Try it. Without any pictures, print exactly the lines that run from the start of the data through the line containing "CAPÍTULO III Da".
-- Data block follows --
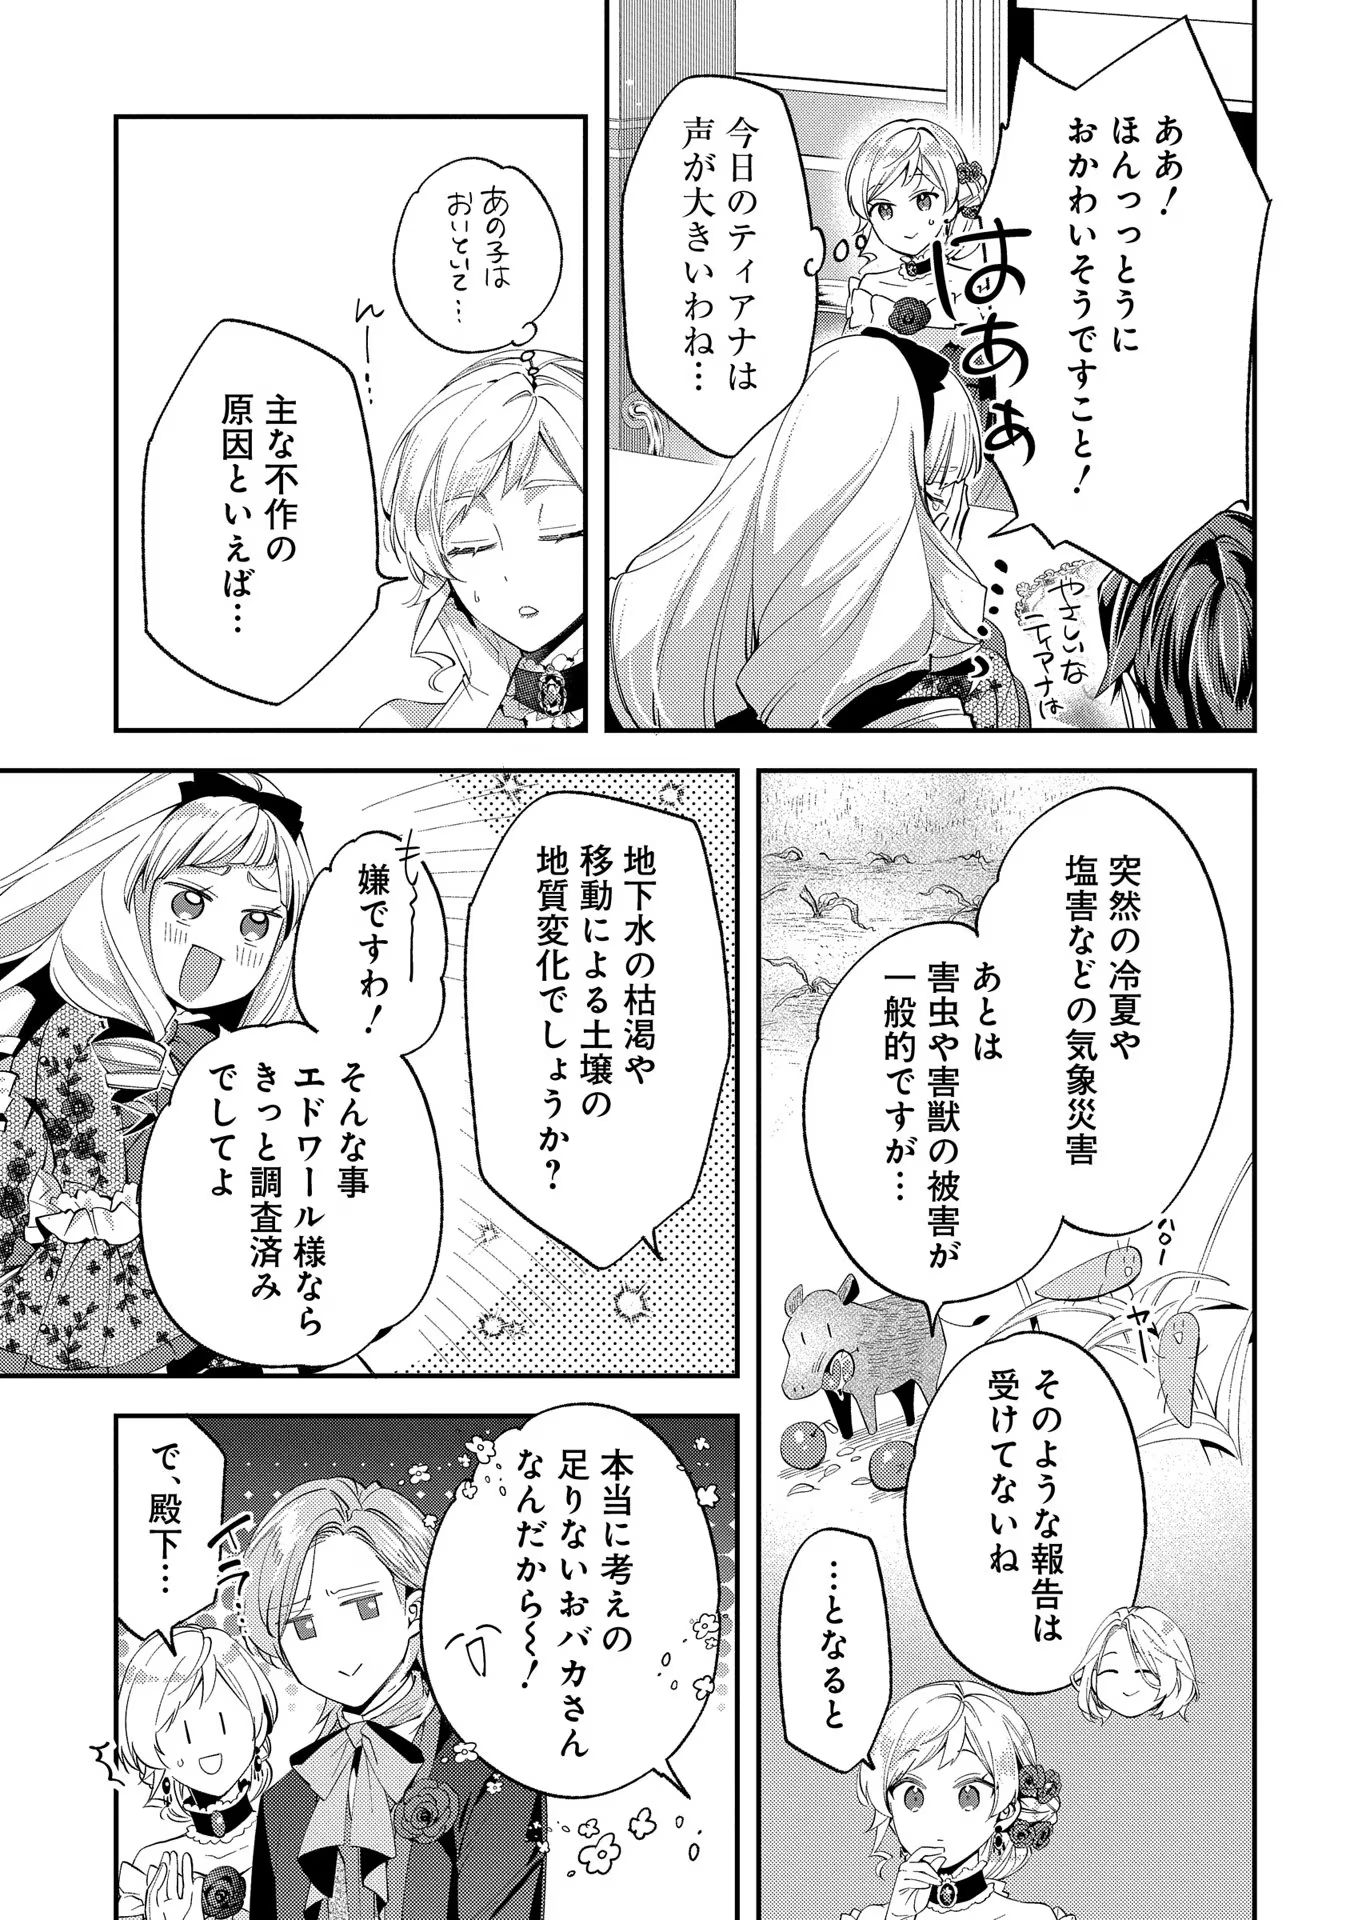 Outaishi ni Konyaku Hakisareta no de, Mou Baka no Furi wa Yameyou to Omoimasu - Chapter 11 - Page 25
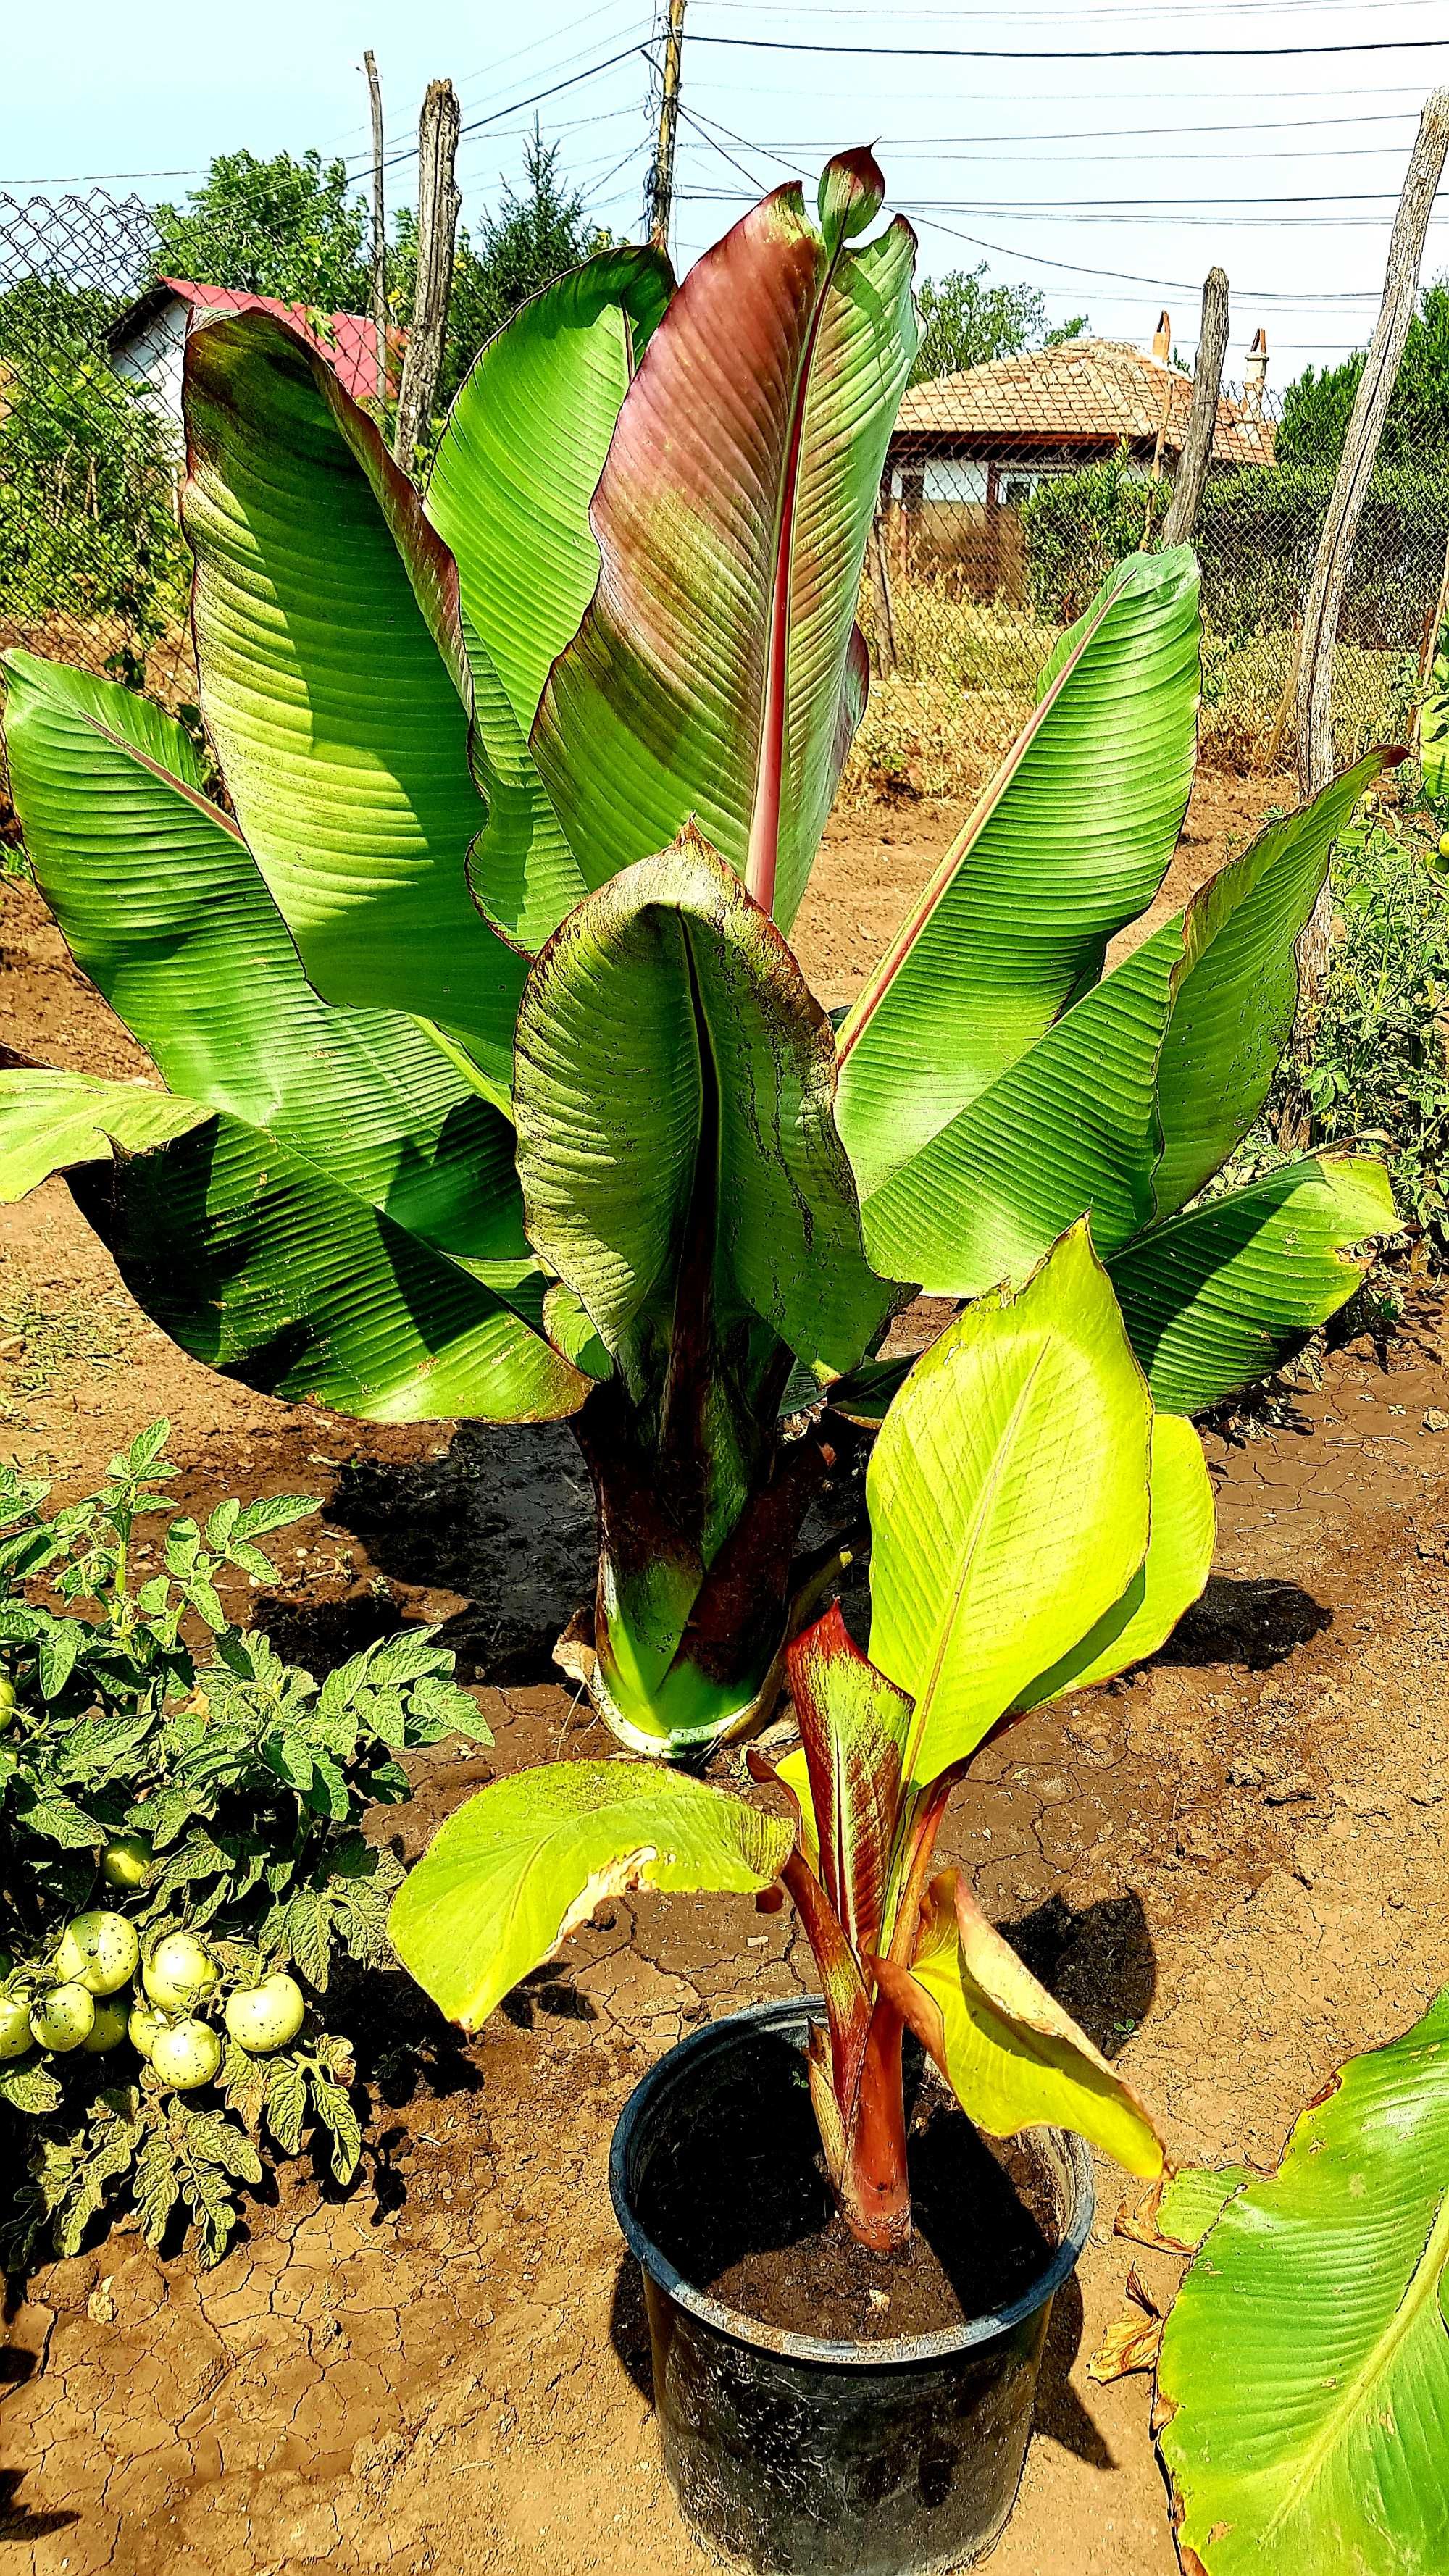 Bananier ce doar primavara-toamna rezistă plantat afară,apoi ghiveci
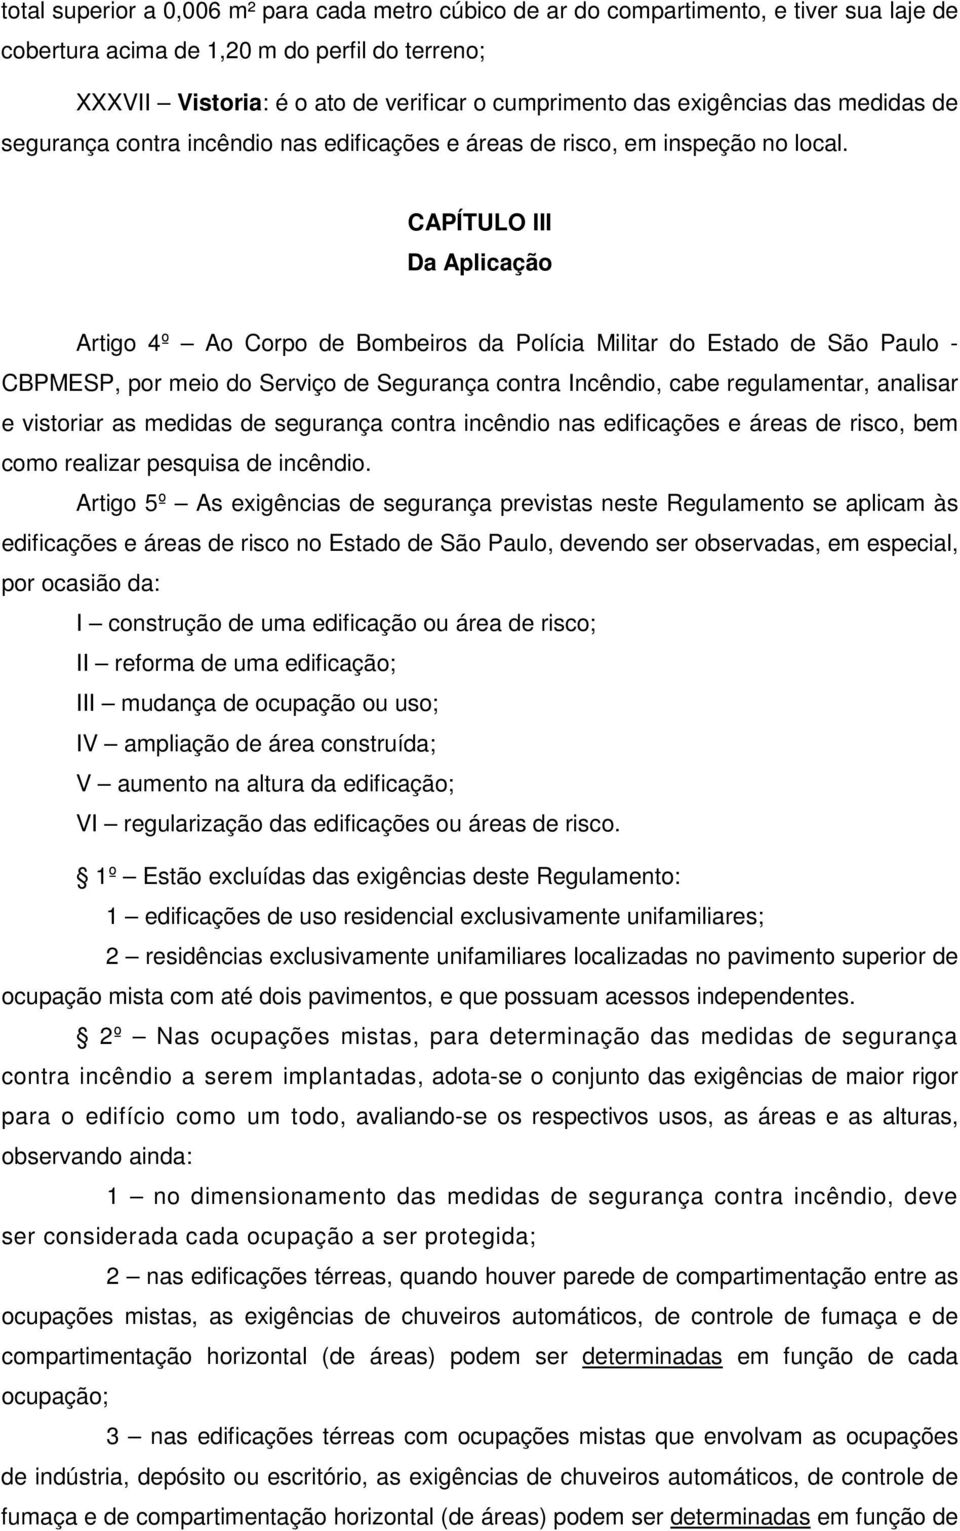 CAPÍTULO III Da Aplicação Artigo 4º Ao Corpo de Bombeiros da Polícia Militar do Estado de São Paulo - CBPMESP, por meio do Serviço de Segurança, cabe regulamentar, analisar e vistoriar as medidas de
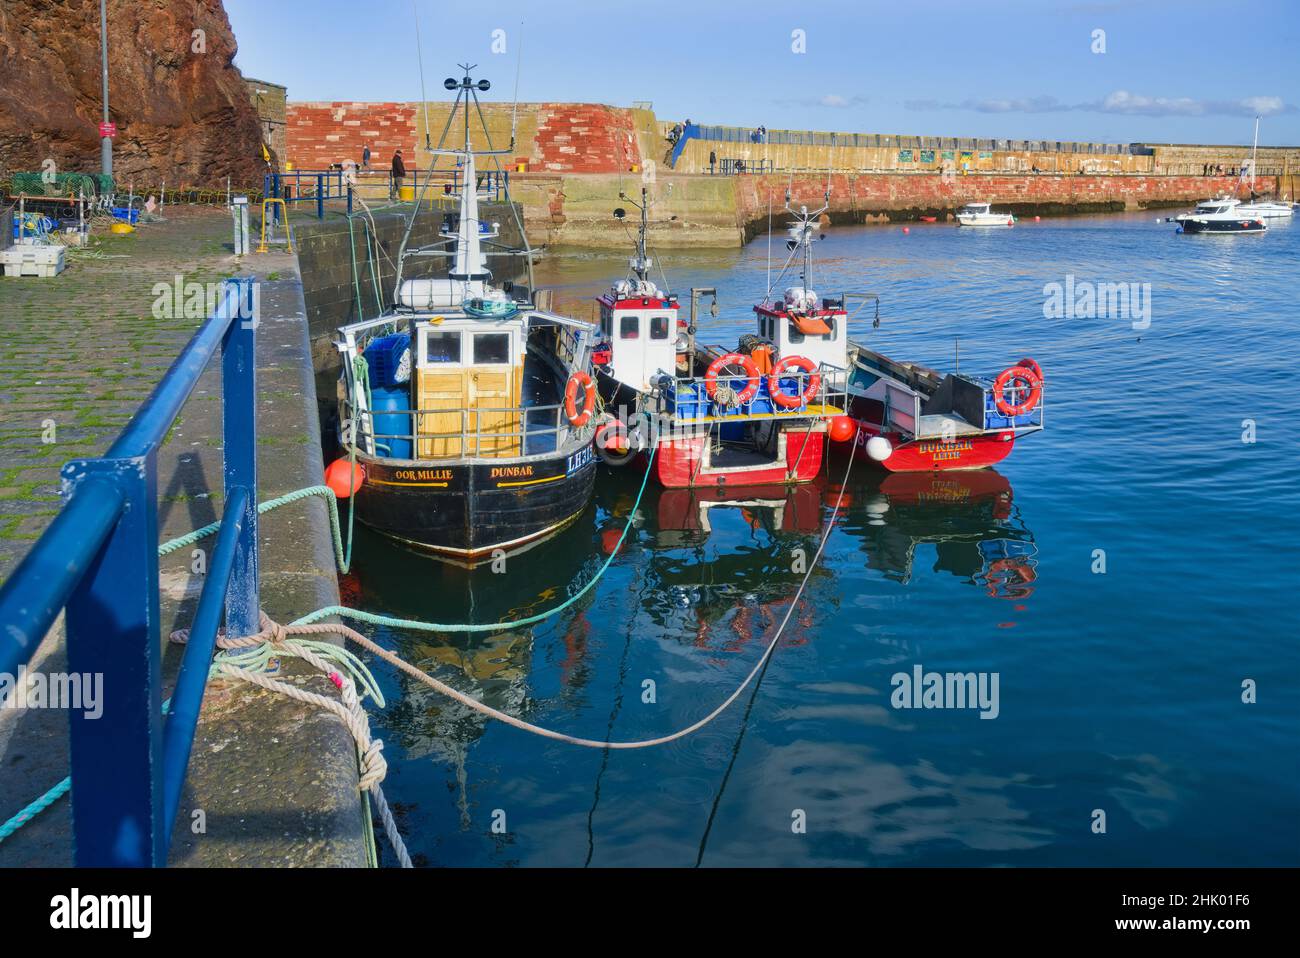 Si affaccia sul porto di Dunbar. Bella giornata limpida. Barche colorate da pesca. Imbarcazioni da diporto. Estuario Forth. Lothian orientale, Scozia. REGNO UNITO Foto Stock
-- Data block concluded --
Written reply.
 Outaishi ni Konyaku Hakisareta no de, Mou Baka no Furi wa Yameyou to Omoimasu - Chapter 11 - Page 25
 Bananier ce doar primavara-toamna rezistă plantat afară,apoi ghiveci
 CAPÍTULO III Da Aplicação Artigo 4º Ao Corpo de Bombeiros da Polícia Militar do Estado de São Paulo - CBPMESP, por meio do Serviço de Segurança, cabe regulamentar, analisar e vistoriar as medidas de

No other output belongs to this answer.